- [Data shown]:
···

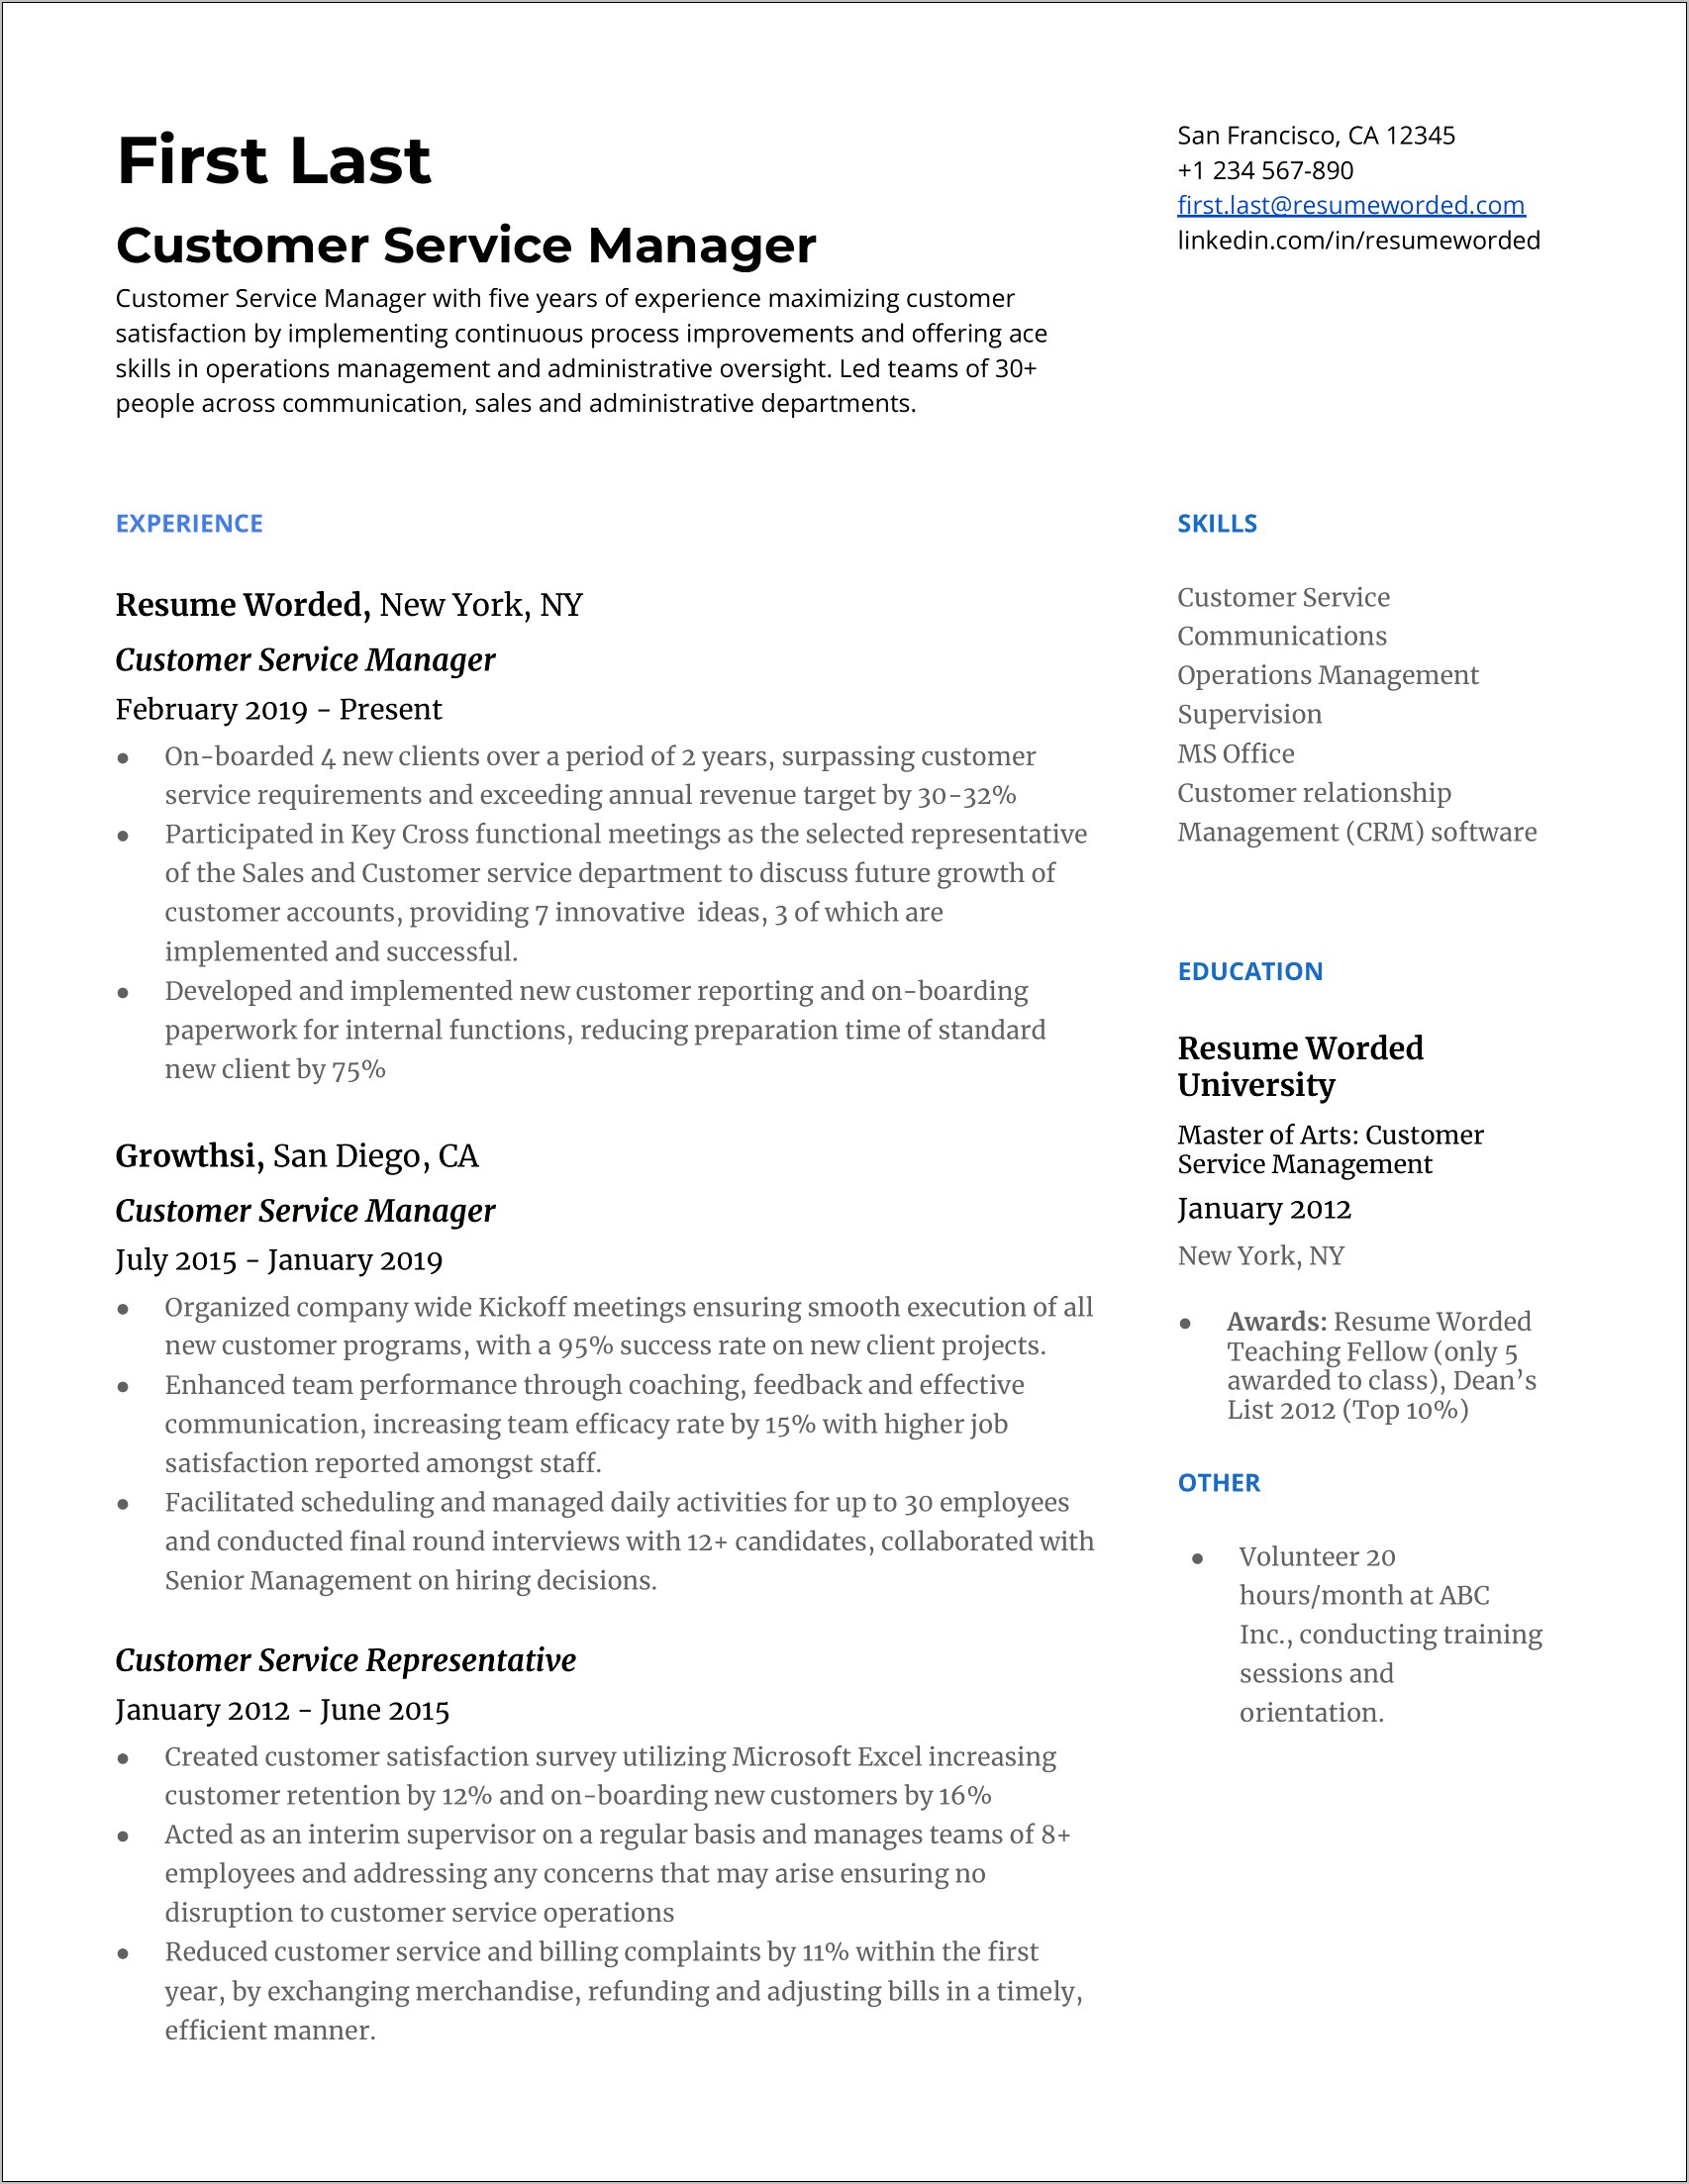 2019 Resume Examples For Administrative Assistants
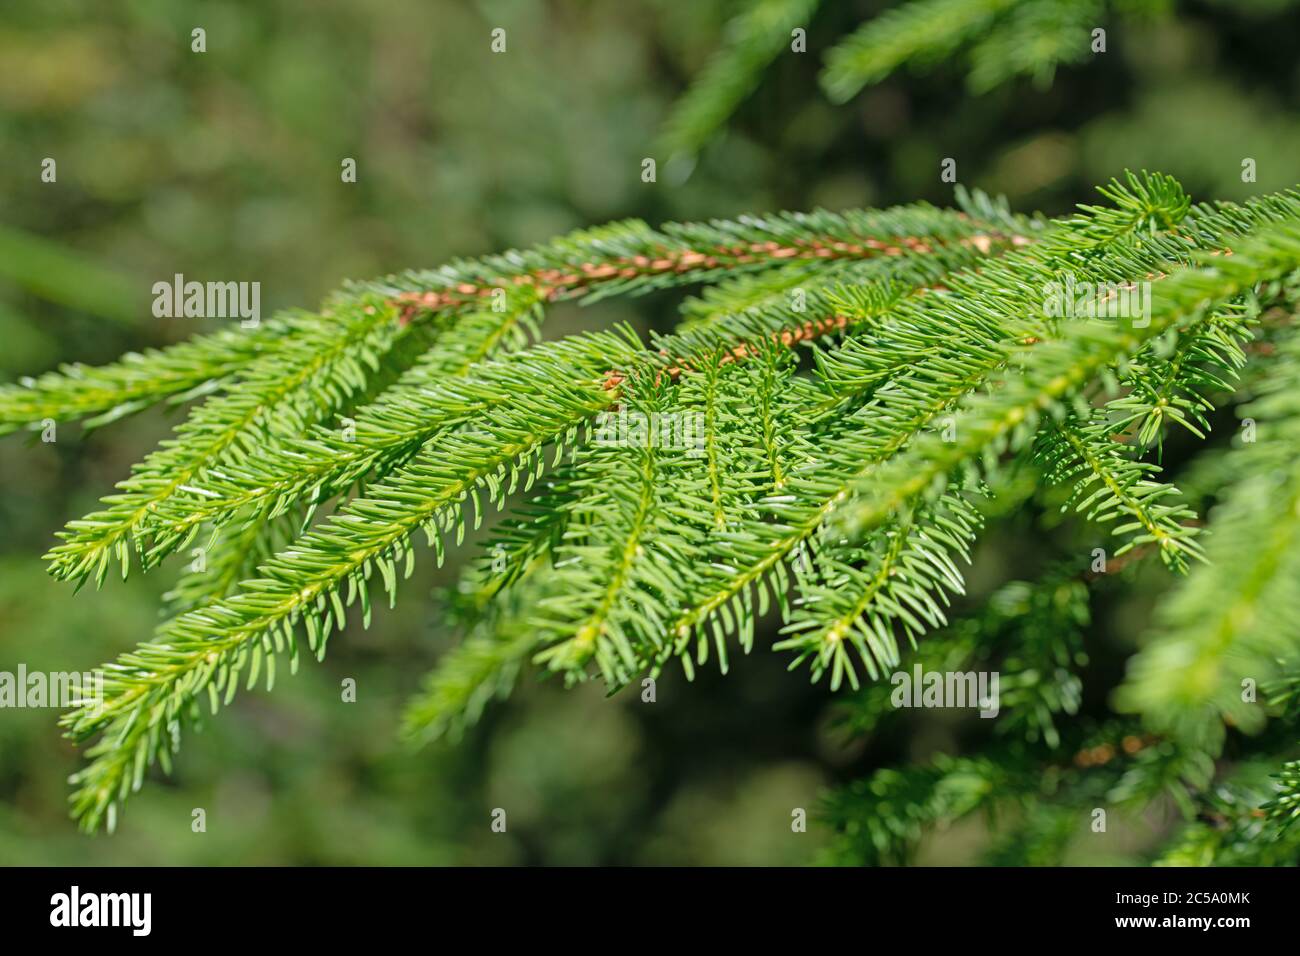 Spruce branches in a close-up Stock Photo
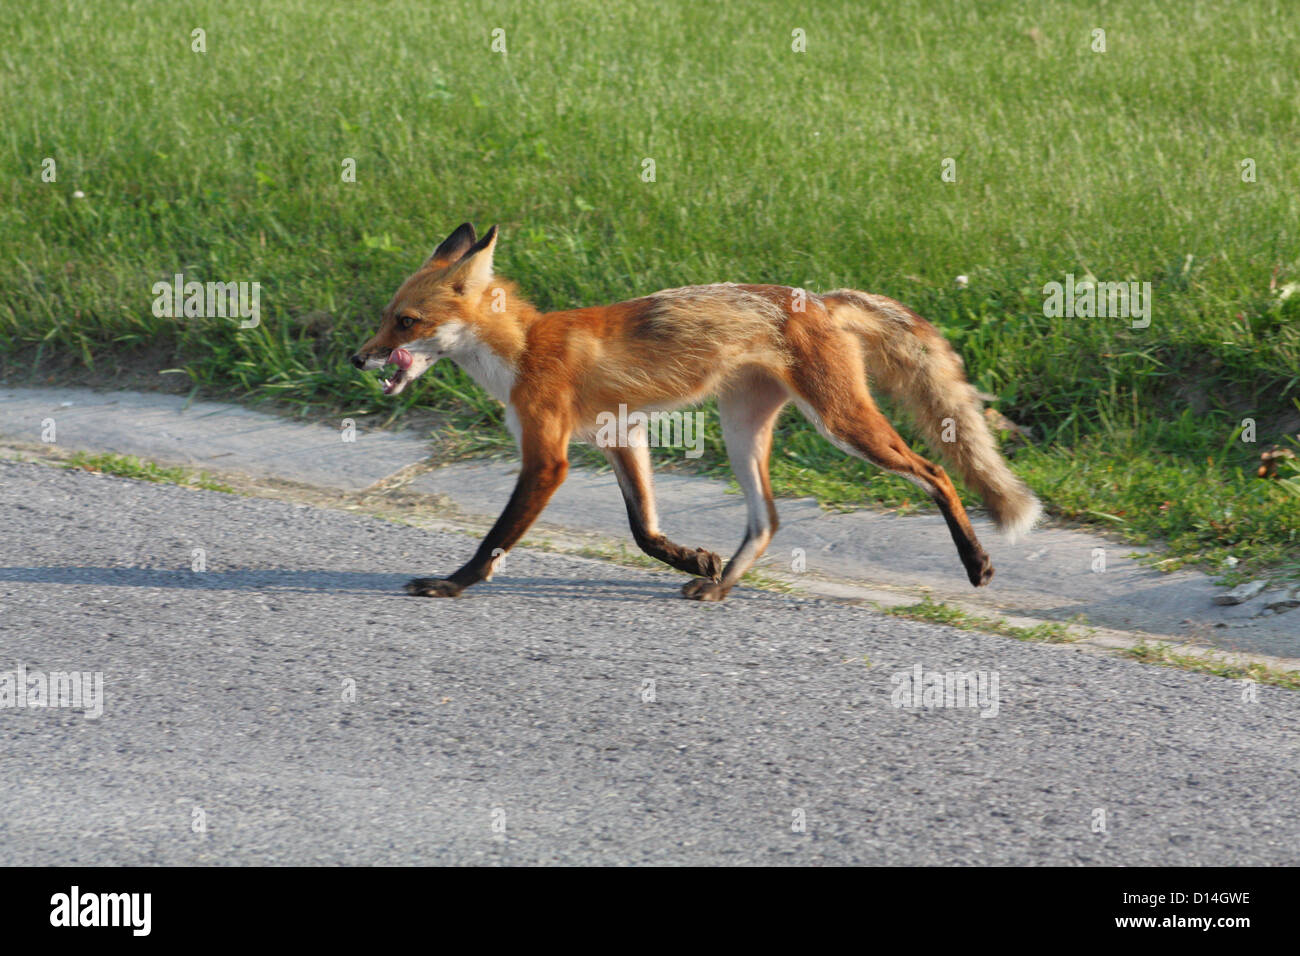 Wild Red Fox walking at the edge of a road, in a residential neighborhood. Stock Photo
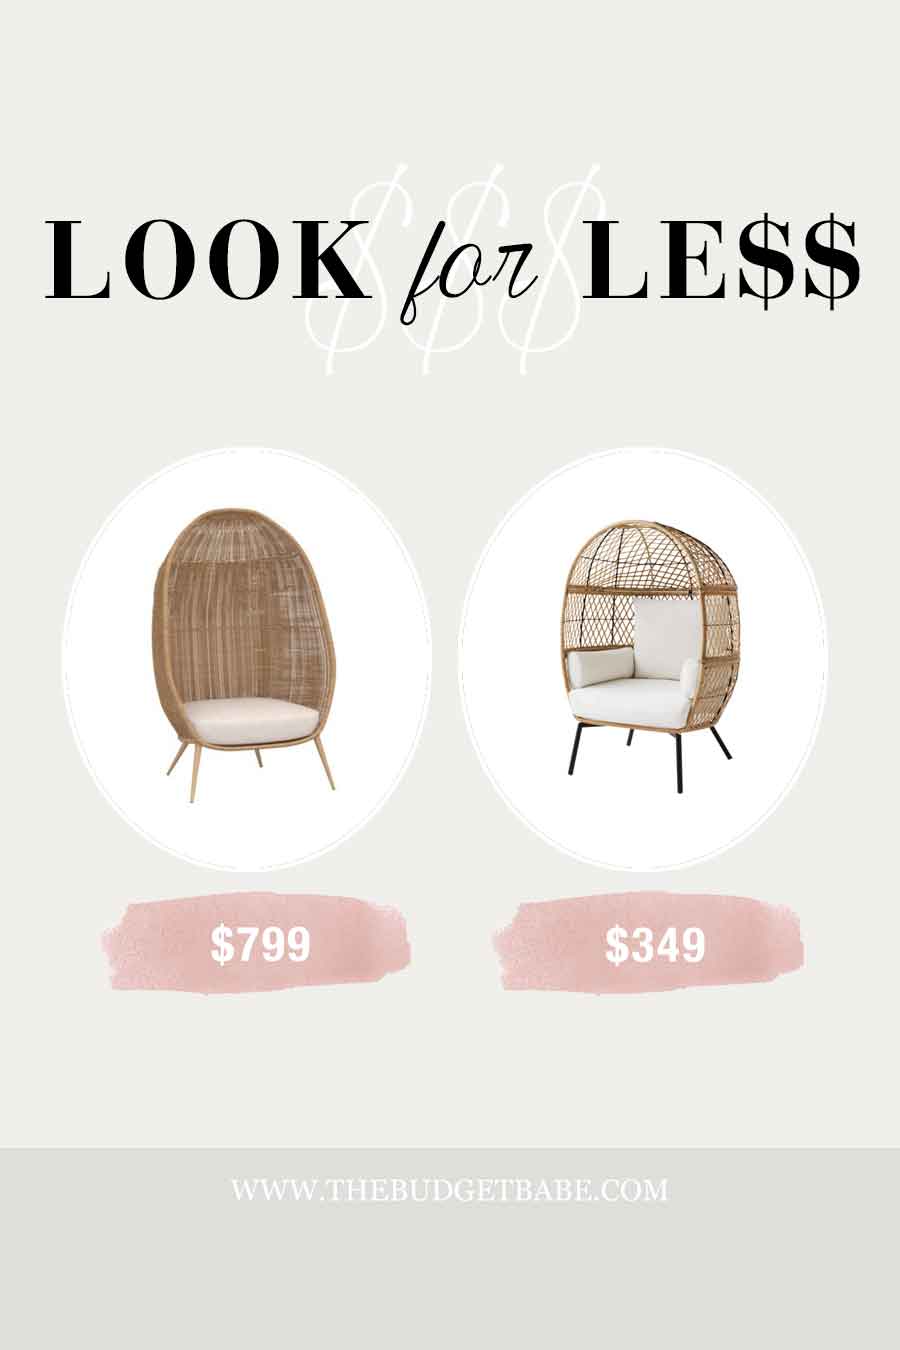 Pottery Barn Woven Cave Chair Look for Less at Walmart

···

- [Exercise requirements]: Exactly and only the lines from the one holding "Spruce branches in a close-up Stock Photo" through the final line of the material must be returned, both ends included, without any pictures.

- [Task result]:
 Spruce branches in a close-up Stock Photo
 Wild Red Fox walking at the edge of a road, in a residential neighborhood. Stock Photo
 Pottery Barn Woven Cave Chair Look for Less at Walmart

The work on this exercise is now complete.